I put an asterisk in the title per the board preference, but I have been watching some Gordon Ramsay shows and it seems as if in the UK, people tell each other to “Fuck off” or alternatively “Fuck off out of here” and nobody gets all that upset. Sometimes people laugh afterwards. It seems to everyone (but this American watching) to be a mild jab.
In the United States, that would be a pretty harsh thing to say to someone. It would definitely raise the level of argument, and between two fired up young men might lead to fisticuffs.
It has a very wide range of severity, depending on context. That range certainly encompasses U.S. usage, it can be harsh, but I think in the U.K. the range of meaning probably extends further into the casual/jocular when used among friends.
But in the context that Ramsay uses it, there’s nothing about British usage that makes it any less harsh than the way it sounds to an American ear. He is being a rude aggressive asshole to people. That’s his thing on those shows.
The context changes over time as well. In my 50s childhood you would never see it in print, let alone hear it in movies or broadcasting, even though plenty of WW2 novels of the time made it clear, albeit by euphemism, that it was indeed just punctuation among the soldiery.
If memory serves, it was first heard in broadcasts in the late 60s, and caused no end of a row. It didn’t become routine until much more recently, and it can still be very harsh and aggressive. It hasn’t lost that force in all circumstances in the way some other words are now more or less comic in effect.
There was an incident in 2015 when then-Mayor of London Boris Johnson, cycling on a bike, yelled the phrase at a taxi driver (news story). It was covered in the media, but more as an amusing aside; my impression was not that the UK public got outraged about it the way the American public would have had it been an American politician of similar position.
(Of course, the fact that it was Johnson who did it, whom you sort of expect to do something like that, also played a role.)
There is some dispute about who first used “fuck” as an expletive on British TV, but Kenneth Tynan is usually given the credit. In 1965, he was answering a question about allowing sexual intercourse to be represented on the stage, and replied: *"Well, I think so, certainly. I doubt if there are any rational people to whom the word ‘fuck’ would be particularly diabolical, revolting or totally forbidden.*2
It caused a bit of an uproar at the time, but - once the dam is broken - other people began to use it as an expletive for shock or emphasis. Of course, increasing use reduces the impact, and today we hardly notice when a character in a drama tells someone to “Fuck the hell off”.
We have a watershed at 9 pm, after which more risque scenes and language are permitted, and another at (I think) 11pm after which almost anything goes except actual penetrative sex. I imagine that a Media Studies student might write a thesis on the whole subject of sex on TV: when the first nipple was seen; when the first pubes… etc.
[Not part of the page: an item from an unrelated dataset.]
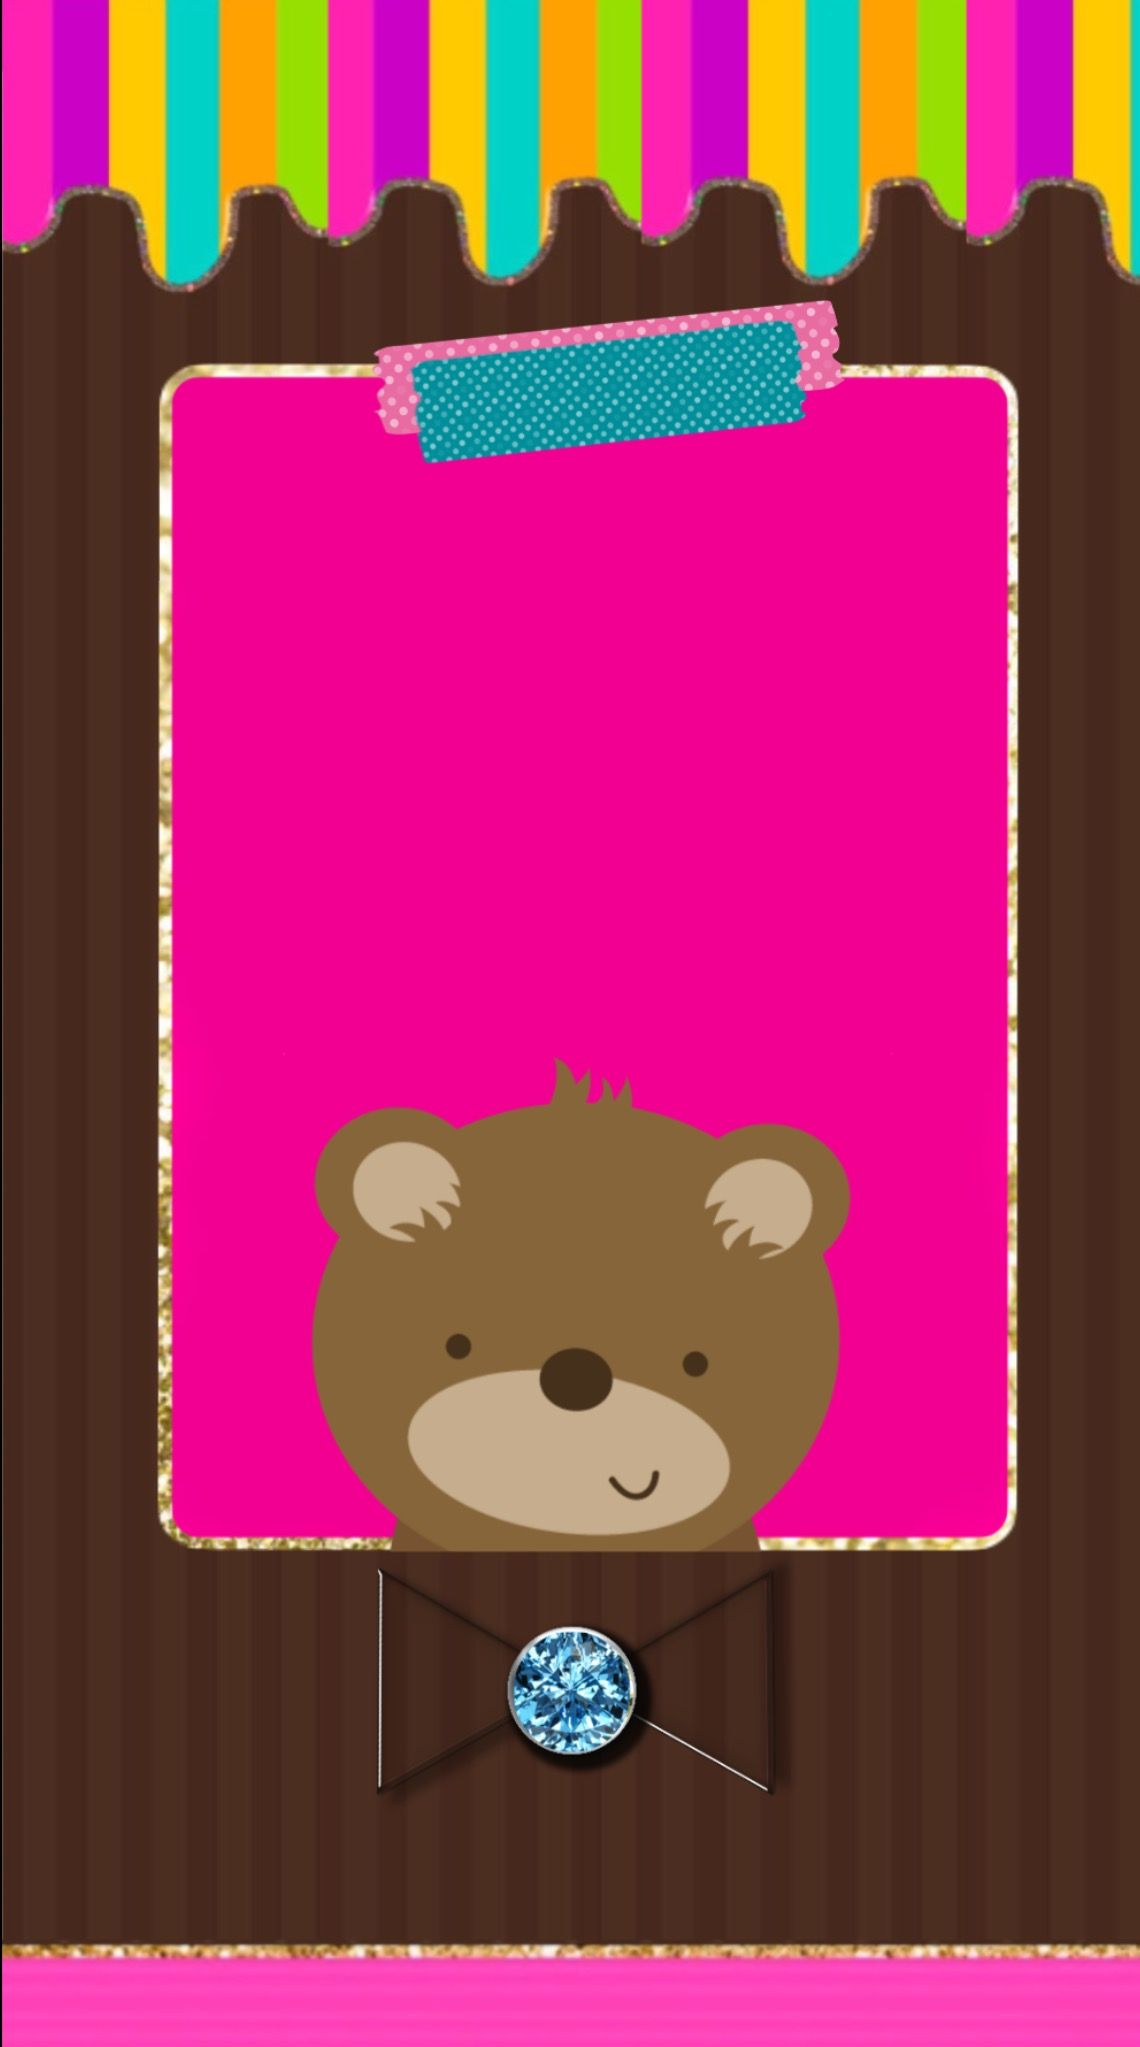 Download Wallpaper Hello Kitty Glitter - a0bbf9bd19f0a01b3da1a33fe1b05663  Photograph_561785.jpg

My point is that the sort of language that used to be confined to the military, fishwives and aristocrats, has gradually become commonplace in the UK and the use of all the expletives on TV has dulled sensitivity to the point at which they are hardly noticed. This has led to a search for alternative ways to shock. It’s no longer acceptable to call someone fat, or gay, or any of the perjorative racial descriptions, so they can be and are used (but not on TV).
I had the distinct impression at one time (about 15 years ago) that it was written into Judi Dench’s contracts that she should say “Fuck” once (but only once) in any movie.
I remember back when Zsa Zsa Gabor was the rage, there was an interview about the time she got pulled over. She was asked why she drove away from a traffic stop. She said her and the cop and some words and he told her to ‘fuck off’. She said that in her country (Hungary, not the UK, but still Europe) ‘fuck off’ doesn’t mean quite the same thing as it does here. Where she’s from, if you tell someone to fuck off, you’re telling them to leave. IIRC, that was part of her defense for why she drove away and again IIRC, I think it helped her case.
I’m Norwegian, so my experience is only slightly relevant, but is there an aspect here of there being more of an expectance in the US to keep bad language out of media?
I’m also puzzled by the excessive use of both “cunt” and “twat” in the UK. Both words seem to apply to either sex, and are hurled with impunity, if British sitcoms are to be believed.
Dude, I’d say that jokingly to my friends. As with almost everything, it depends on the context. It sounds like no one in the show is taken it seriously because it isn’t said with malicious intent. In the US it only leads to fights if a fight was already about to happen…
In this video, this English dad loses his shit at his son for walking in on him during an interview, repeatedly screaming at him to fuck off.
I was more than a little aghast at that. I mean, obviously the son was an older teen/young adult and not, you know, a child. But still, from where I sit his reaction seemed rather verbally abusive.
Is this just par for the course in British parenting?